La sofista volvió a reír en alto y Tyalanor suspiró, resignado. Iba a decir algo más cuando, desde la aldea, se escuchó el sonido de las chirimías y las arpas. Algunos fuegos artificiales surcaron el aire y explotaron en cientos de motas de luz brillante. El sol escondió los pies detrás de las colinas, rojo, redondo y muriente.

—¡Vamos! Ya va a empezar.

Ilsa les agarró de las manos y tiró de ellos, corriendo como una niña por el camino de tierra.


. . .


La noche llegó y se llenó de alegría. El vino mágico corría en las copas y en los picheles de barro y madera, el polvo de maná, dispuesto en bandejas y en hondos recipientes como pirámides brillantes, desaparecía con rapidez. La música cada vez era más animada y los elfos y elfas danzaban en corros, en parejas, moviendo los pies ligeros y girando bajo las estrellas. Las hogueras resplandecían. A veces alguien saltaba por encima de una o arrojaba pequeños papeles doblados con todo lo que deseaban quemar: nombres de antiguos amores, de viejos rencores, de cosas dolorosas que no podían olvidarse. Pero el fuego lo devoraba todo, sin excepción.

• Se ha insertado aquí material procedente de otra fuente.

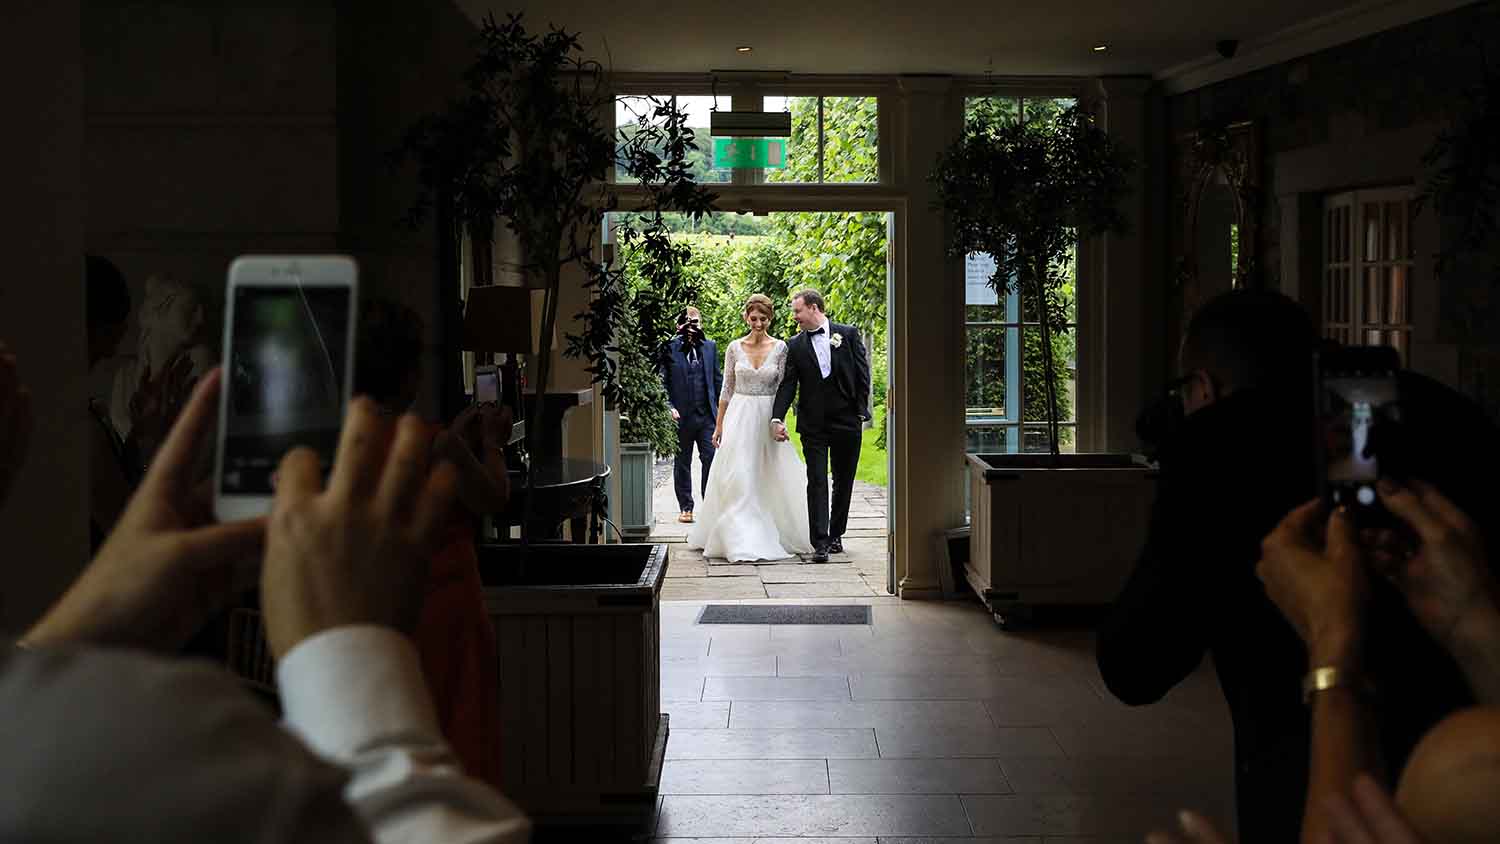 Couple entering the reception room on their wedding day

Maldathar se había apartado a un lado, contemplando las llamas, pensando en estas cosas. Se sentía algo embriagado, alegre y extrañamente melancólico al mismo tiempo. Parecía incapaz de disfrutar de nada por completo, siempre tenía que haber en él un poso de nostalgia, y aquello le fastidiaba. Le hubiera gustado arrojar a la pira ese pequeño gusano, la larva oculta en su corazón que le causaba esa tristeza continua y soterrada, pero no podía encontrarla. No podía tampoco arrancársela, o eso creía. Formaba parte de él tanto como su propio nombre.

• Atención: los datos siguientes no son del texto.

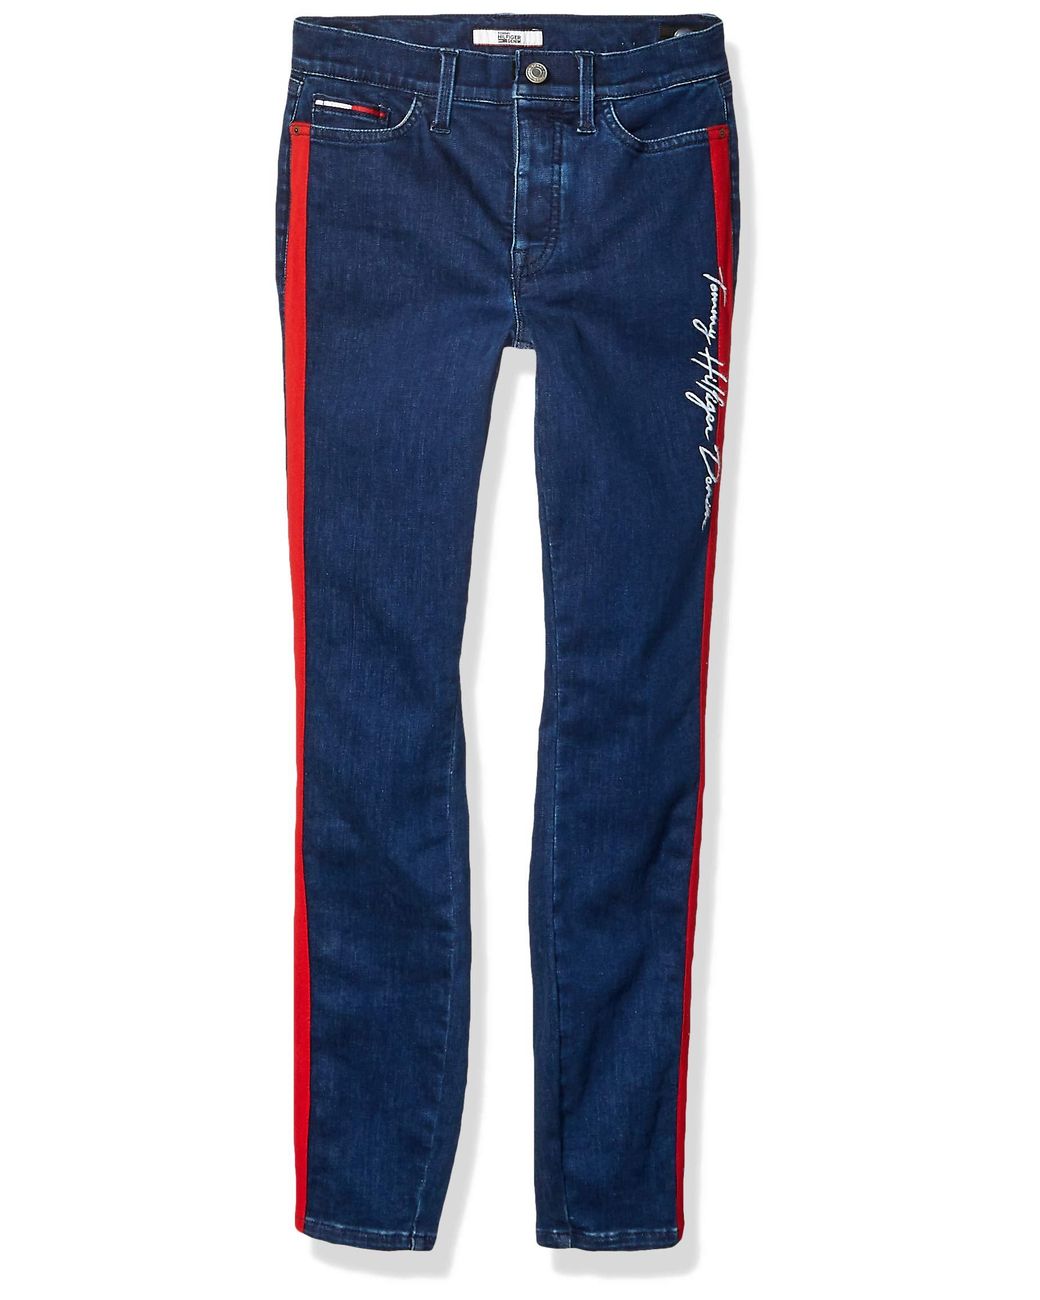 Tommy Hilfiger Girls Big Adaptive Denim Short with Velcro Brand Closure and Magnetic Fly

Ilsa acudió a su lado al rato, del brazo de Tyalanor. Ellos también estaban achispados y alegres, pero nada más. Brillaban como estrellas. Dos estrellas hermosas y diferentes, que no obstante encajaban a la perfección. Los dos eran cálidos, claros, alegres, pertenecían al mismo mundo. “Yo soy oscuro y bastardo, yo pertenezco al Sueño y a la Sombra.”, se dijo. Apuró la copa de un trago mientras Ilsa se le acercaba y le rodeaba el cuello con un brazo.

—¿Sabes lo que me han dicho?—dijo ella entre risas. Olía a licor y a lirios, le brillaban los ojos, exultante de alegría como estaba—. Ese tipo de ahí, el de la máscara de zorro… me ha robado un adorno y ha dicho que quiere desflorarme por completo. ¡Nunca me habían dicho nada así!

Maldathar sonrió a medias, por compromiso.

—¿Y tú que has respondido?

—Le he dicho que las únicas flores que me quedaban eran las del vestido. ¡Y él replicó que entonces tendría que quitármelo! ¿Te lo puedes creer? —Ella se colgó de su cuello y le besó la barbilla, risueña y feliz. —Nunca había pensado que los plebeyos fueran tan descarados. ¡Me estoy divirtiendo como nunca!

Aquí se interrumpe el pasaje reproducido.